Posted: Fri Oct 09, 2009 4:02 am
by Sambuchi
Hello all. I have a question for the experts here.

I need a circuit that can generate a 5V 50ns pulse every 90us

Whats the best way to do this?

Thanks in advance!

Tony

Re: Pulse Generation

Posted: Fri Oct 09, 2009 6:29 am
by Bob Scott
Hi Sambuchi.

That would be 11,111 Hz with a 0.0555% duty cycle.
It looks like you need an oscillator or astable multivibrator with a very low duty cycle.
What is the available power supply voltage?
What are the load requirements? (voltage, current drive)
How accurate does the timing of the pulses need to be? (frequency, tolerance)
How square do the pulses need to be? (Critical rise/fall time?)
Is any particular logic family involved?

I would think that the 555 timer might be suitable, or a multivibrator using logic gates.

Re: Pulse Generation

Posted: Fri Oct 09, 2009 7:41 am
by Robert Reed
As Bob said, need more info as to error limits on the final pulse. But if this does not need to be laboratory grade then you could acheive this very simply cheaply with one 74 HC quad Nand gate. Two gates form an astable at somewhat over 10 KHz. Third gate is a simple one shot driven from the astable and thru a differentiating network. Fourth gate is a bonus - for inversion if desired or whatever. Parts- one cheap HC Mos nand gate , 1 1N914 diode , 3 ceramic caps of lo value and three 1/4w resistors. Certainly less than $1 for the whole shebang. Add some pots and also make it variable if desired!

Re: Pulse Generation

Posted: Fri Oct 09, 2009 7:52 am
by MrAl
Hi,

Robert:
I am wondering now too what the accuracy has to be for his circuit as that is going to affect the
design quite a bit. I also wonder what this is going to be used for as there may be other
solutions altogether as well.
Hope he gets back here with some answers.

Re: Pulse Generation

Posted: Fri Oct 09, 2009 9:09 am
by Sambuchi
:D
Thanks for the input everyone. This circuit will be used to test an amp circuit. For the accuracy question I would say it would have to be fairly accurate. I am testing the threshold of the data transmission and would like to meet the spec as much as possible. Bob & Robert, thanks for the great input. I think I may have to look into a circuit as you described.

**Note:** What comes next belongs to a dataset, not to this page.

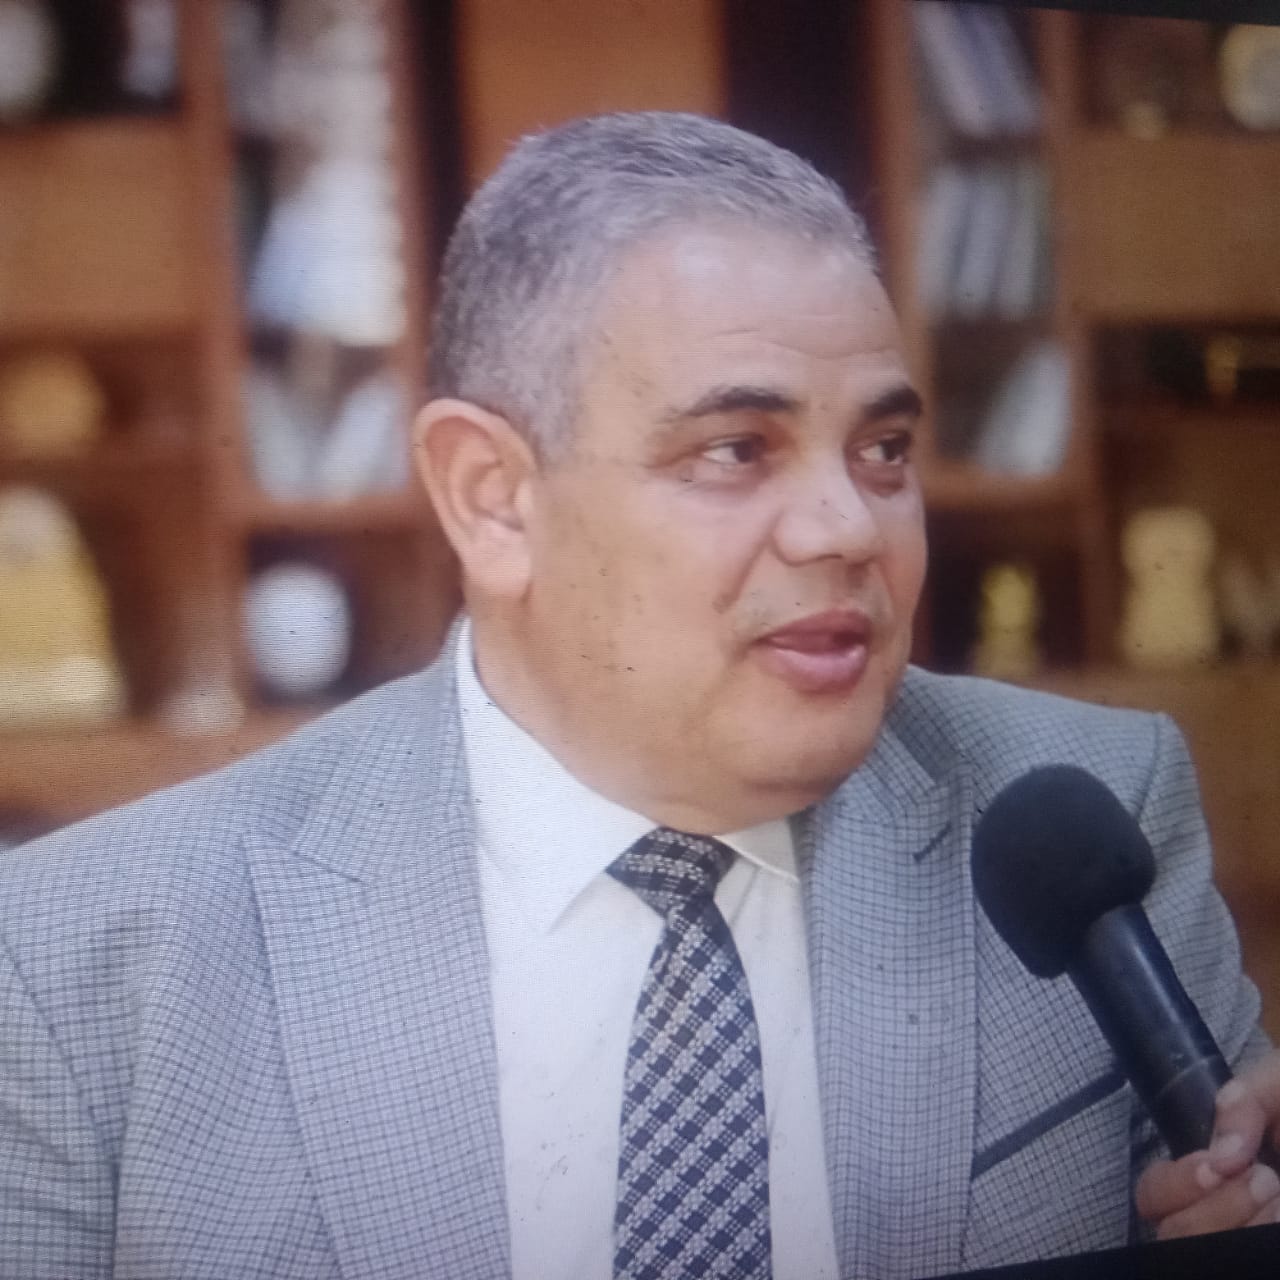 رئيس جامعة كفر الشيخ استعدادات كبيرة للعام الدراسي الجديد

This test circuit had me go down an interesting path of PLD's from ATMEL. I think I'm going to start a different topic for it! :D

Re: Pulse Generation

Posted: Fri Oct 09, 2009 11:13 am
by Robert Reed
The circuit I described when operated in a R.T. environment and fed by a good regulated supply should hold an accurracy of 1% (I think). let us know what your requirements are.

Re: Pulse Generation

Posted: Fri Oct 09, 2009 4:19 pm
by MrAl
Hi again,


Another idea i though of is to use a 20MHz crystal or oscillator for the clock, and a flip flop first to divide by 2
(10MHz fairly clean and 50 percent duty cycle) along with some discreet logic counters (or LSI counter) to
divide by the correct count in order to get your lower frequency pulse spacing. At the end of the count,
one pulse would be gated to the output at which time the count would start all over again.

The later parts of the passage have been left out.